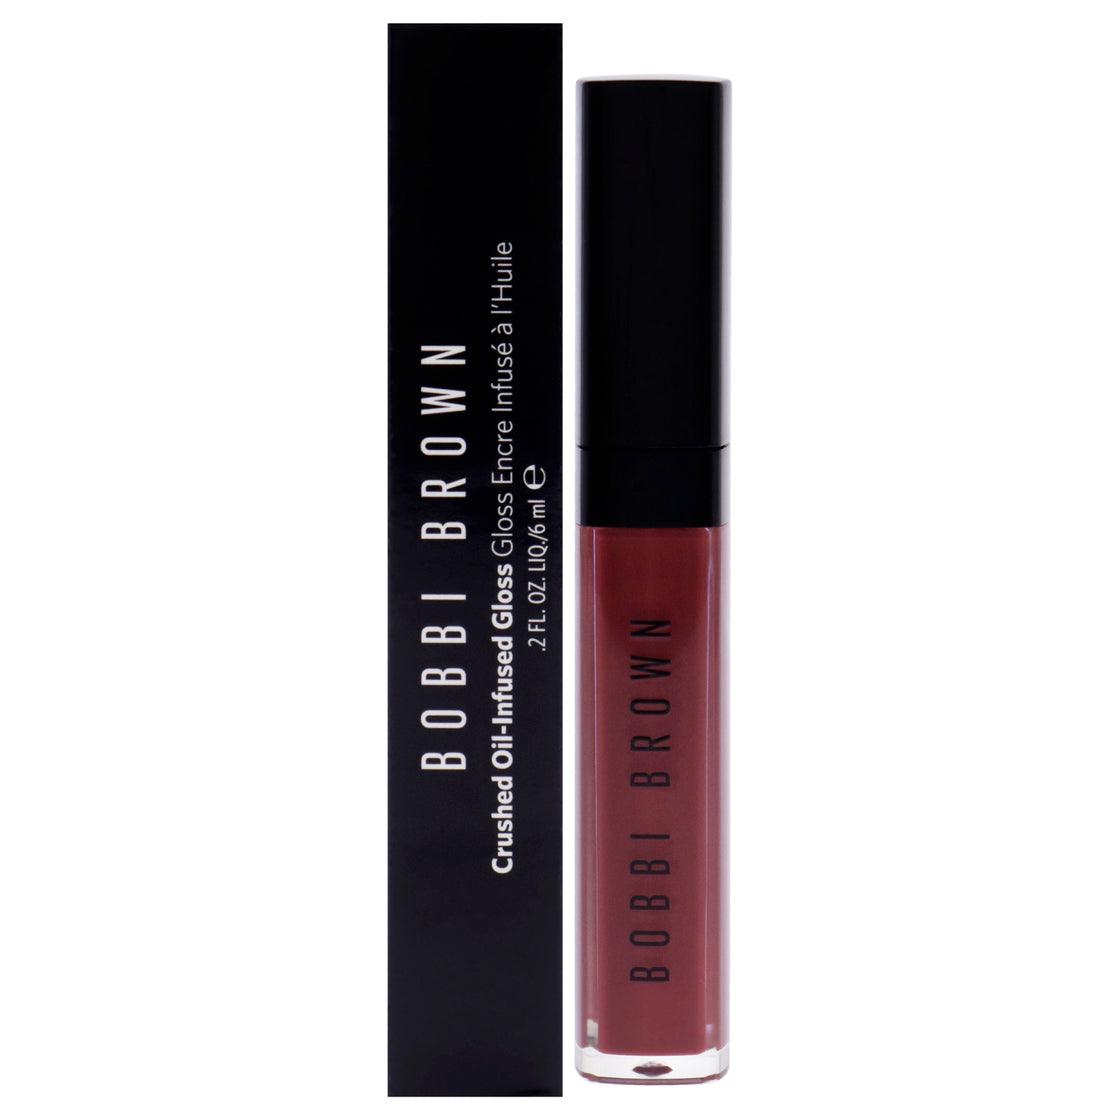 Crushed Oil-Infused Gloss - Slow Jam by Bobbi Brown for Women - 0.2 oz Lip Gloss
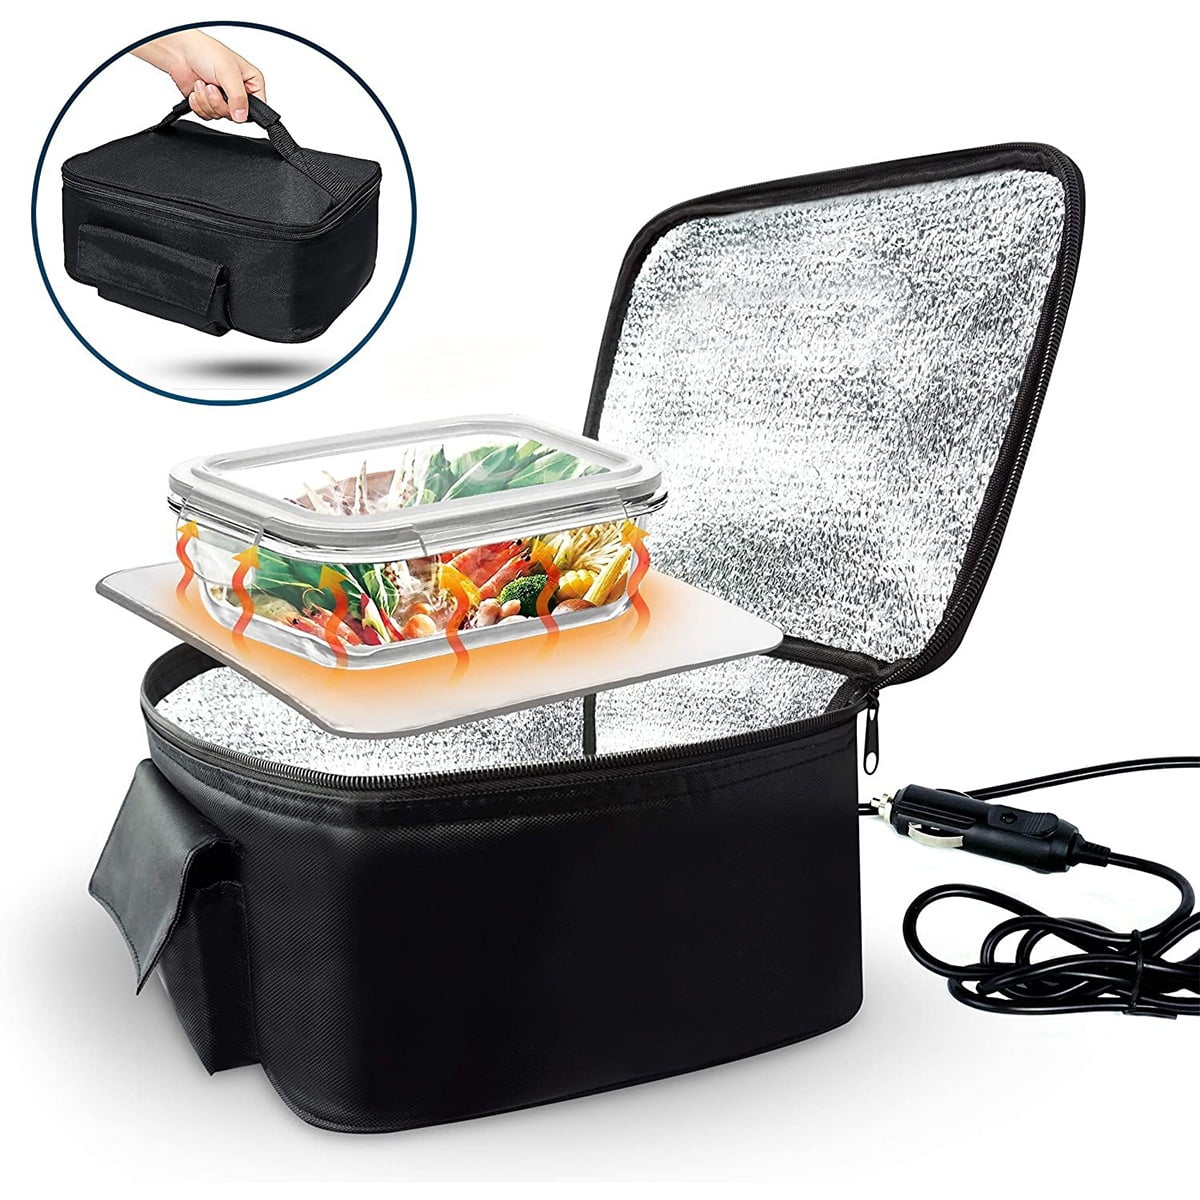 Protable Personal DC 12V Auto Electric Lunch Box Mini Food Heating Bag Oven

---

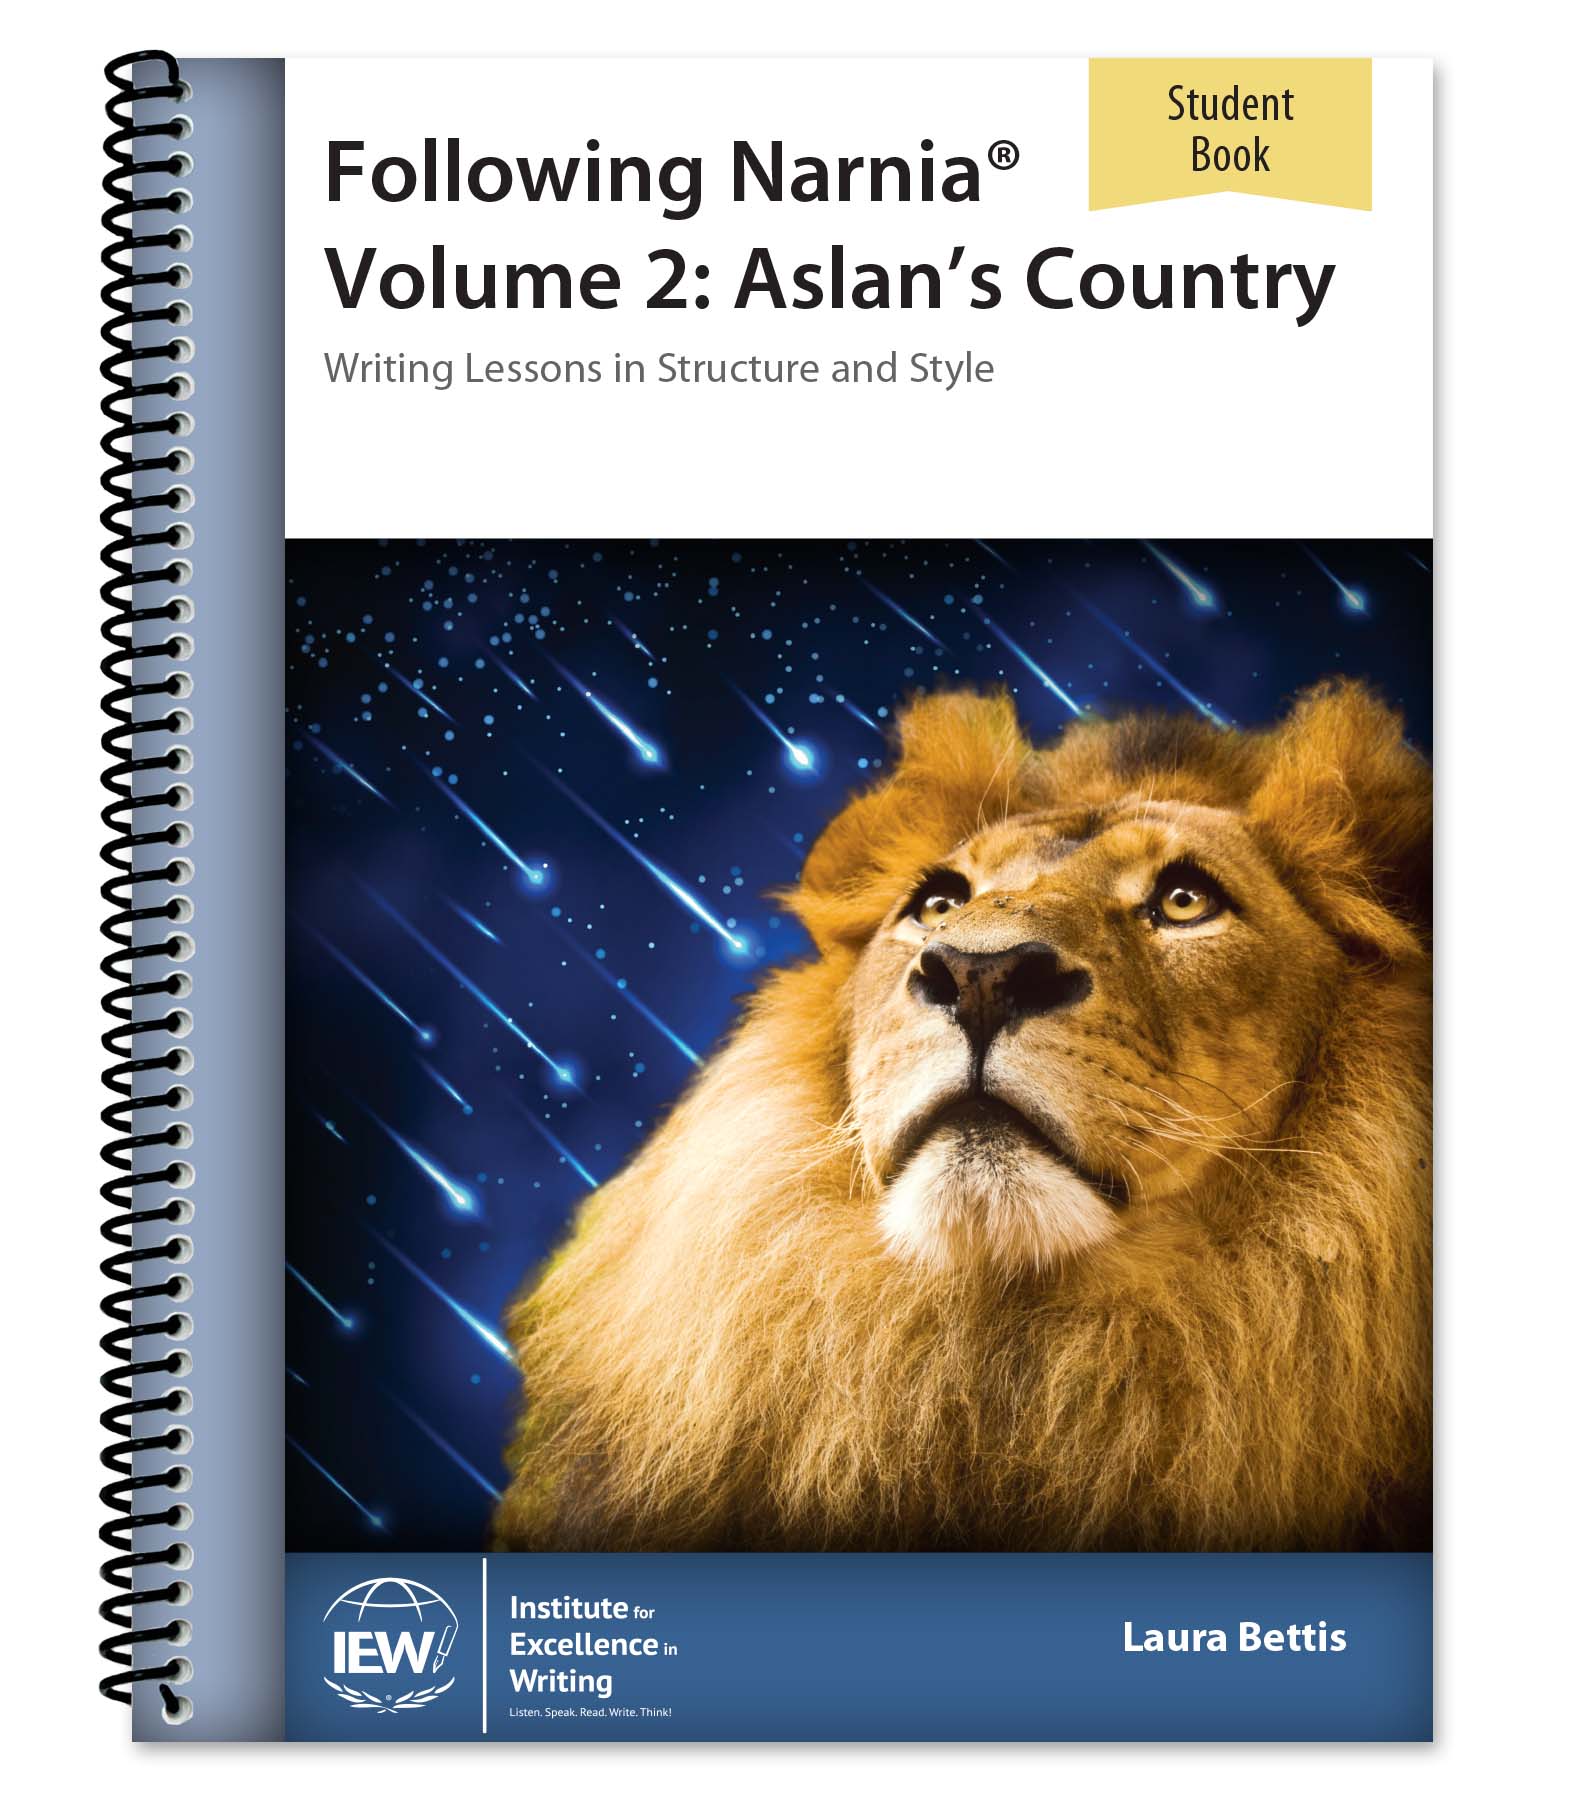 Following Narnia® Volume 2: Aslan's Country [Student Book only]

---

» **Your task**
From the material above, output only the span of lines that starts at the one containing "Crushed Oil-Infused Gloss" and finishes at the one containing "Protable Personal DC", word for word and free of pictures.

» **Solution for this task**
 Crushed Oil-Infused Gloss - Slow Jam by Bobbi Brown for Women - 0.2 oz Lip Gloss
 Protable Personal DC 12V Auto Electric Lunch Box Mini Food Heating Bag Oven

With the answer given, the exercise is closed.